→ **TRY IT**:
Reproduce, without alteration, every line of the data; exclude the images.

→ **RECORDED DATA**:
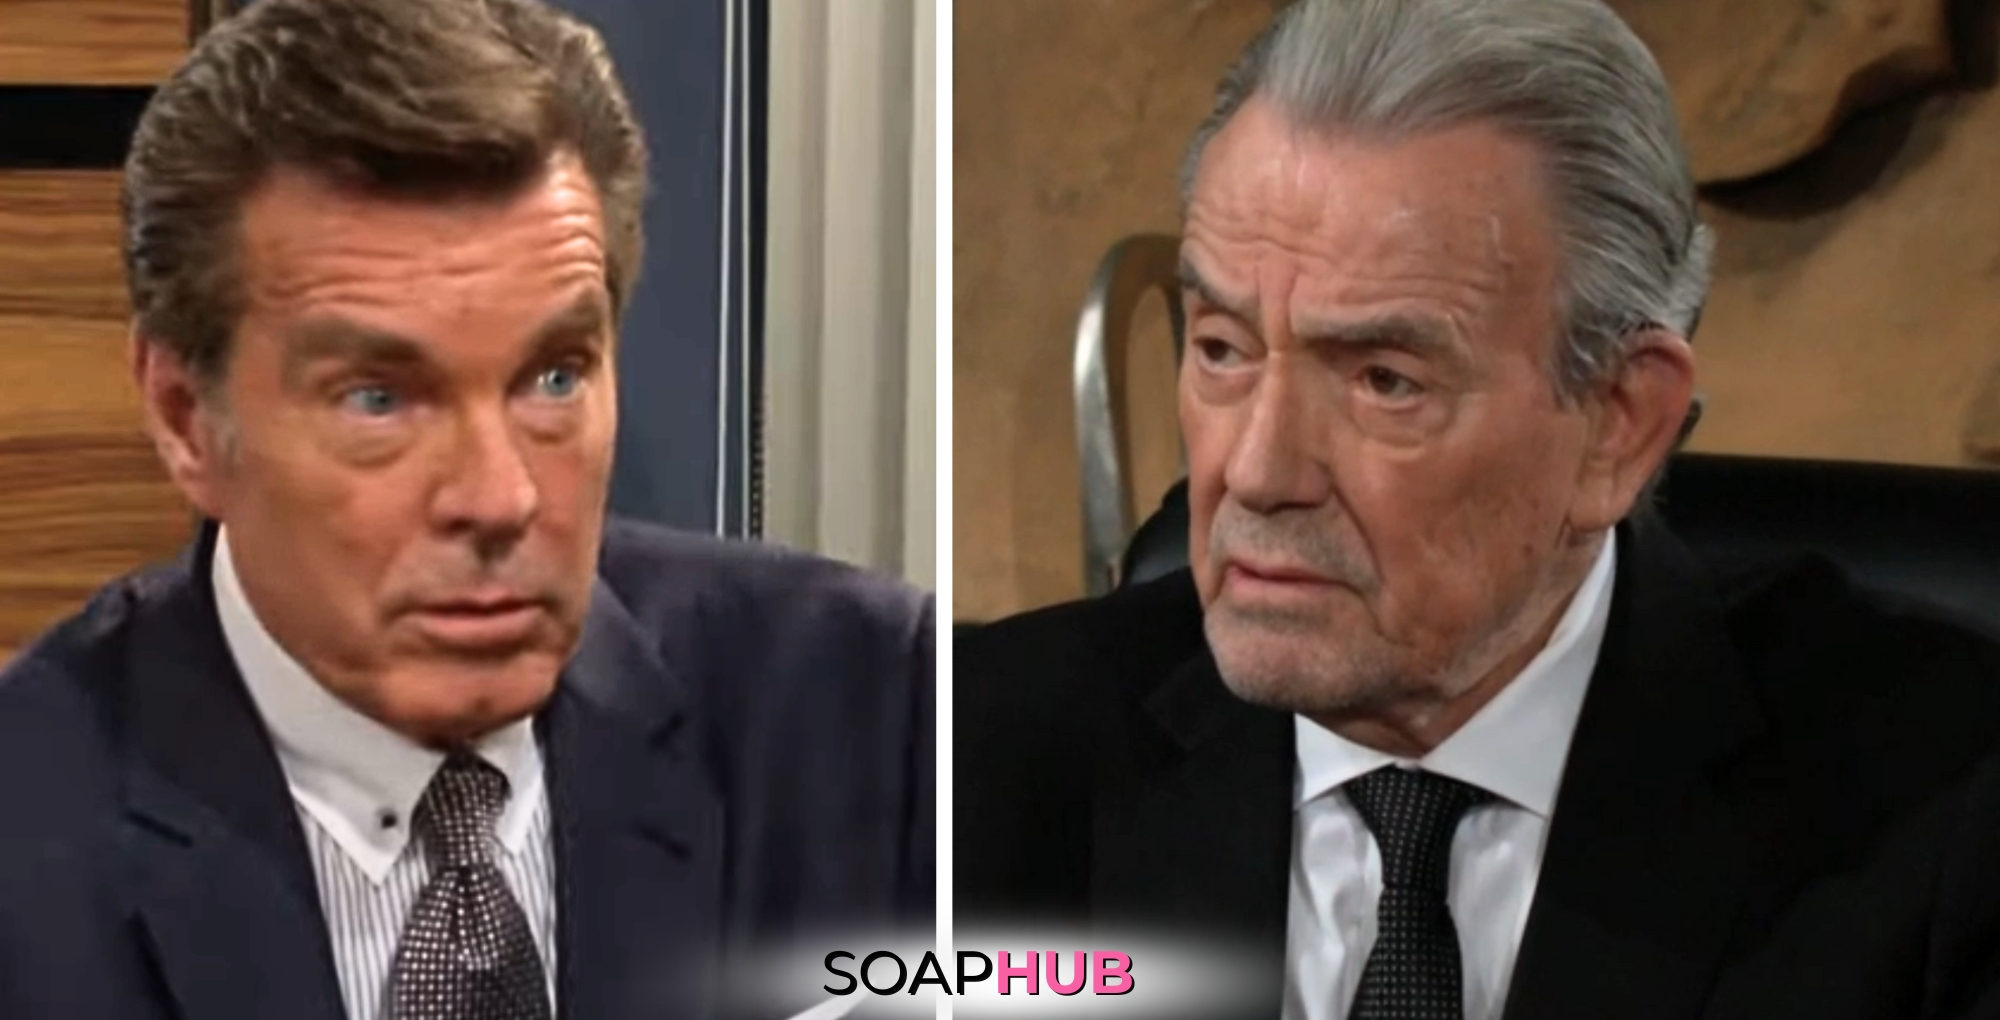 The Young and the Restless spoilers for June 12 feature Jack and Victor with the Soap Hub logo.
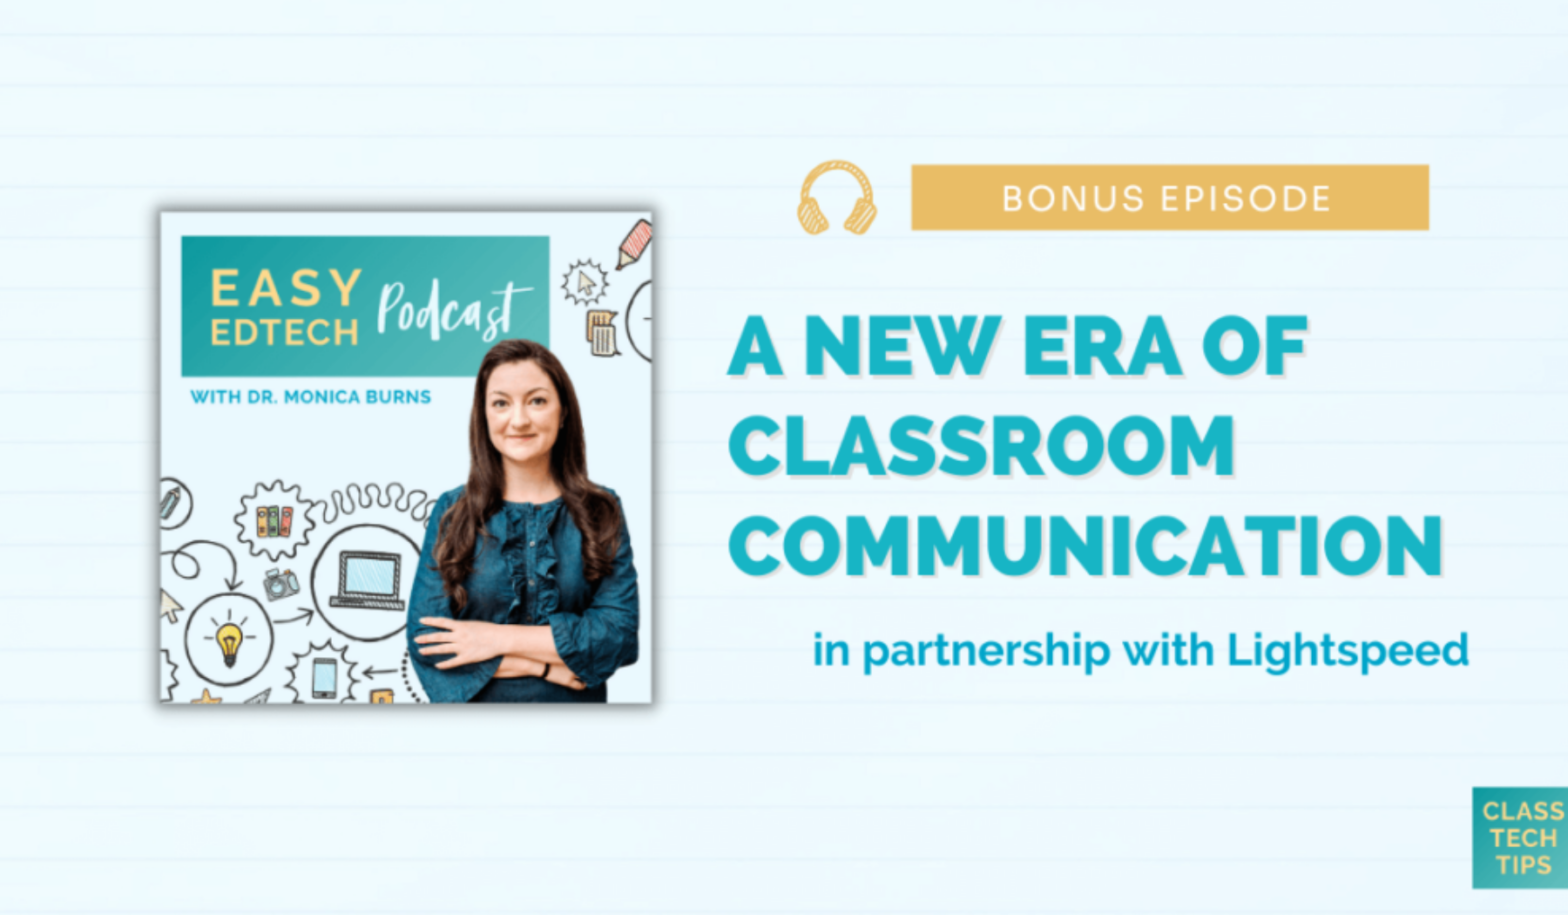 Lightspeed Blog Featured Images (1) Easy EdTech Podcast, New Era of Classroom Communication with Lightspeed Instructional Audio Systems
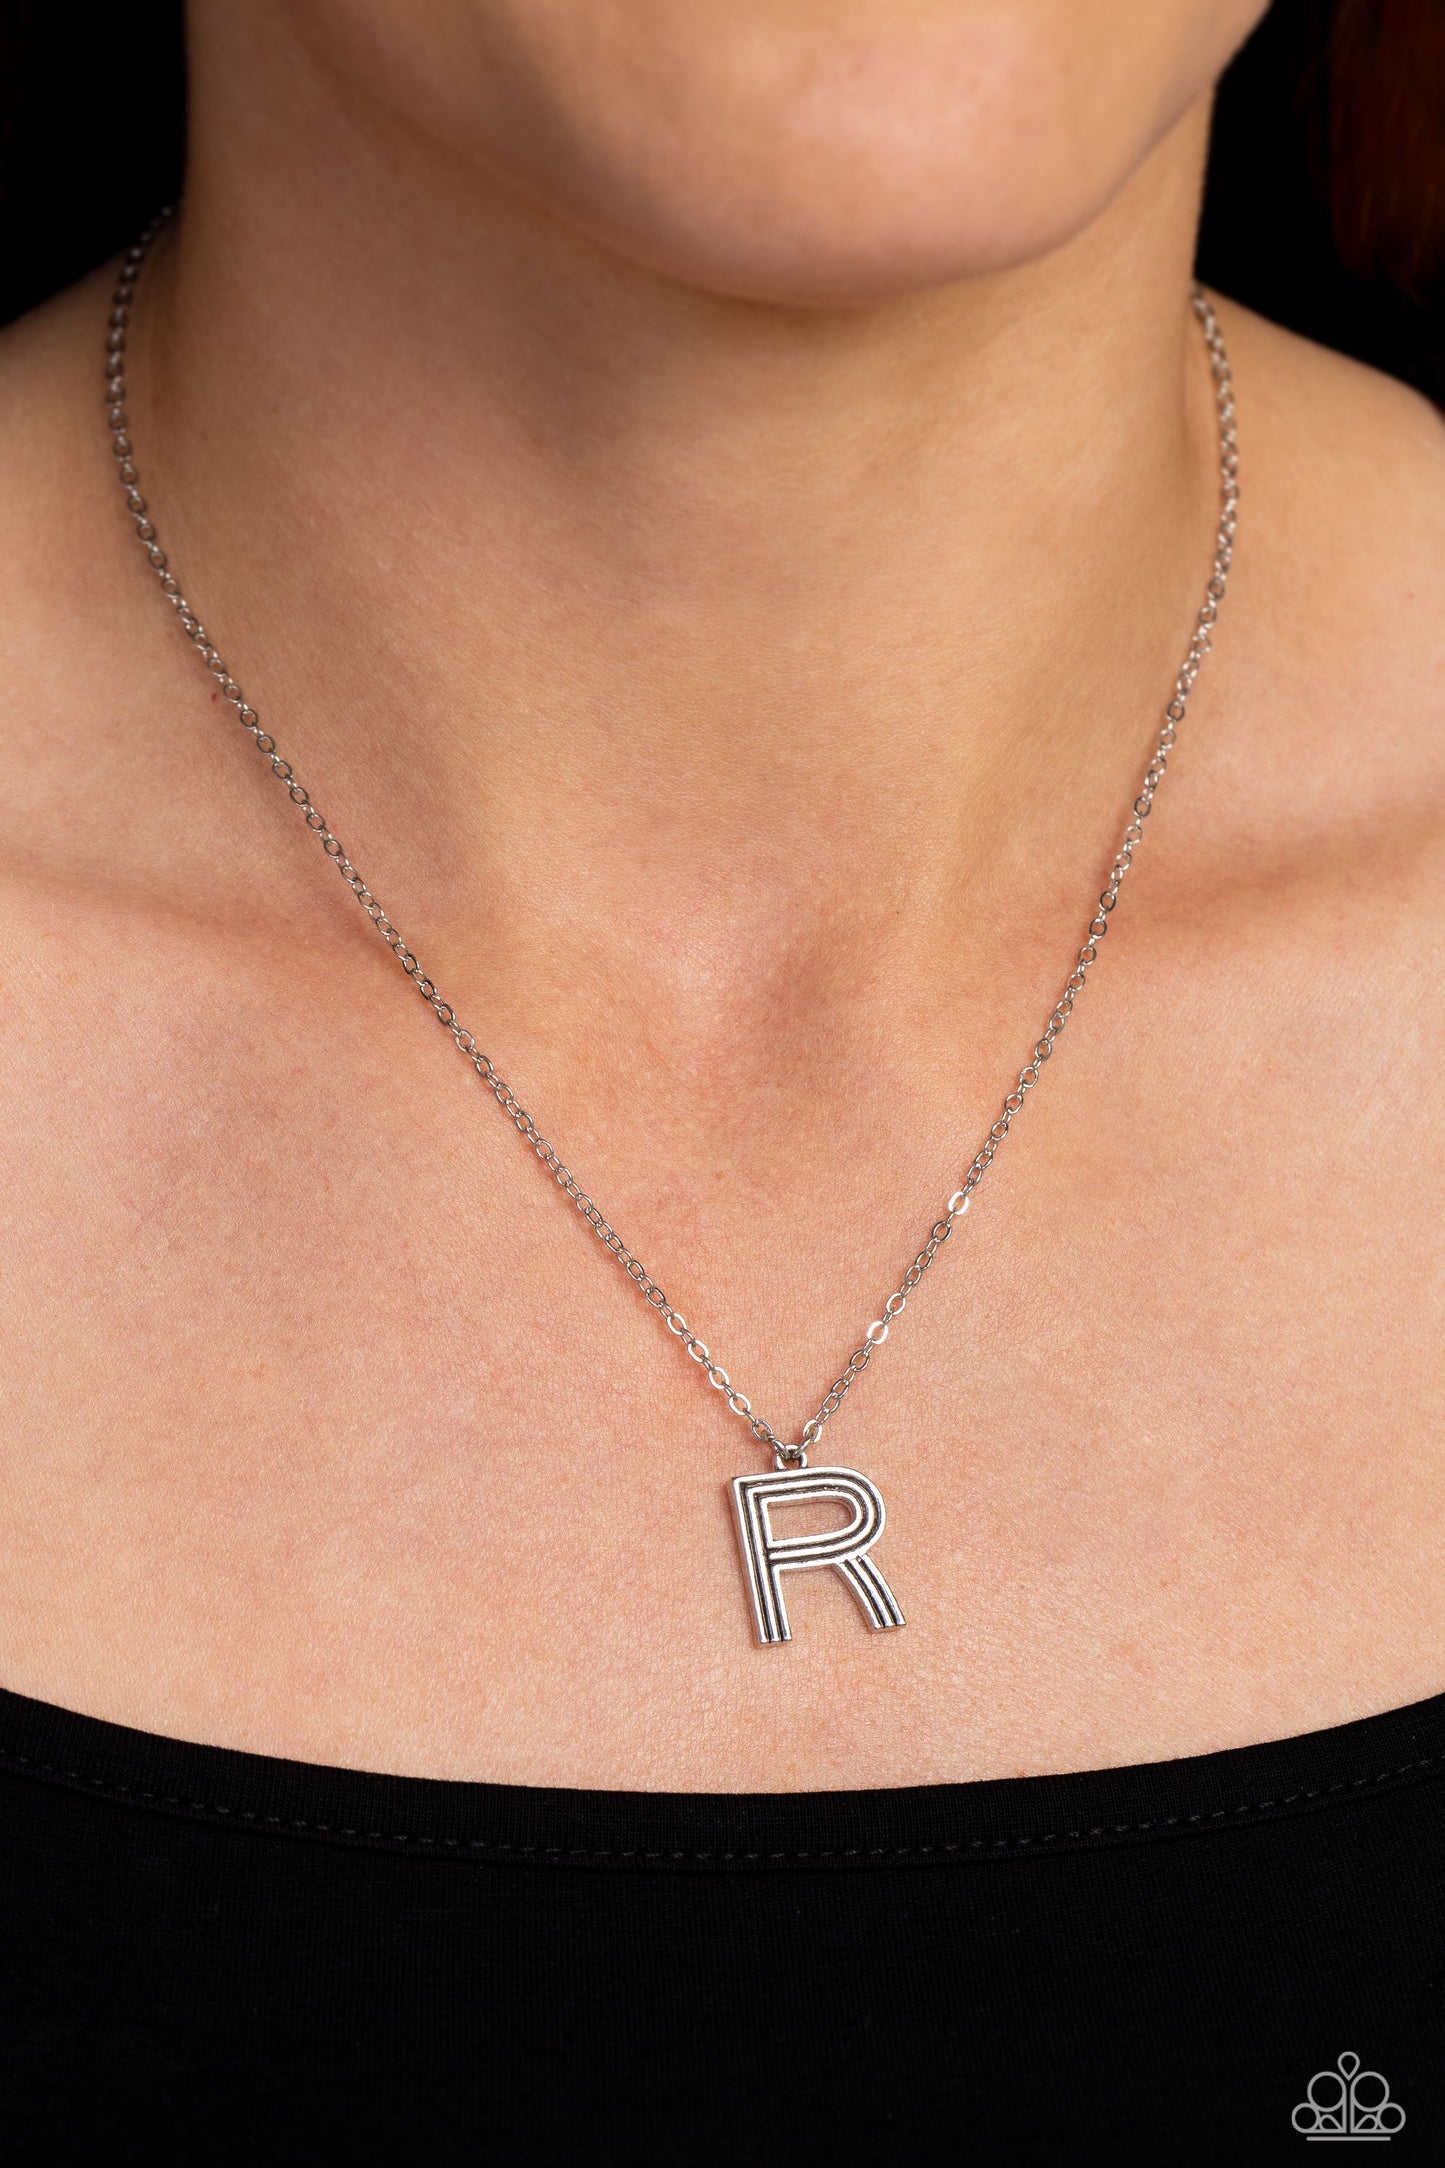 Leave Your Initials - Silver "R" Pendant Paparazzi Necklace & matching earrings

→ **COMPLETED EXERCISE**:
 The Young and the Restless spoilers for June 12 feature Jack and Victor with the Soap Hub logo.
 Lightspeed Blog Featured Images (1) Easy EdTech Podcast, New Era of Classroom Communication with Lightspeed Instructional Audio Systems
 Leave Your Initials - Silver "R" Pendant Paparazzi Necklace & matching earrings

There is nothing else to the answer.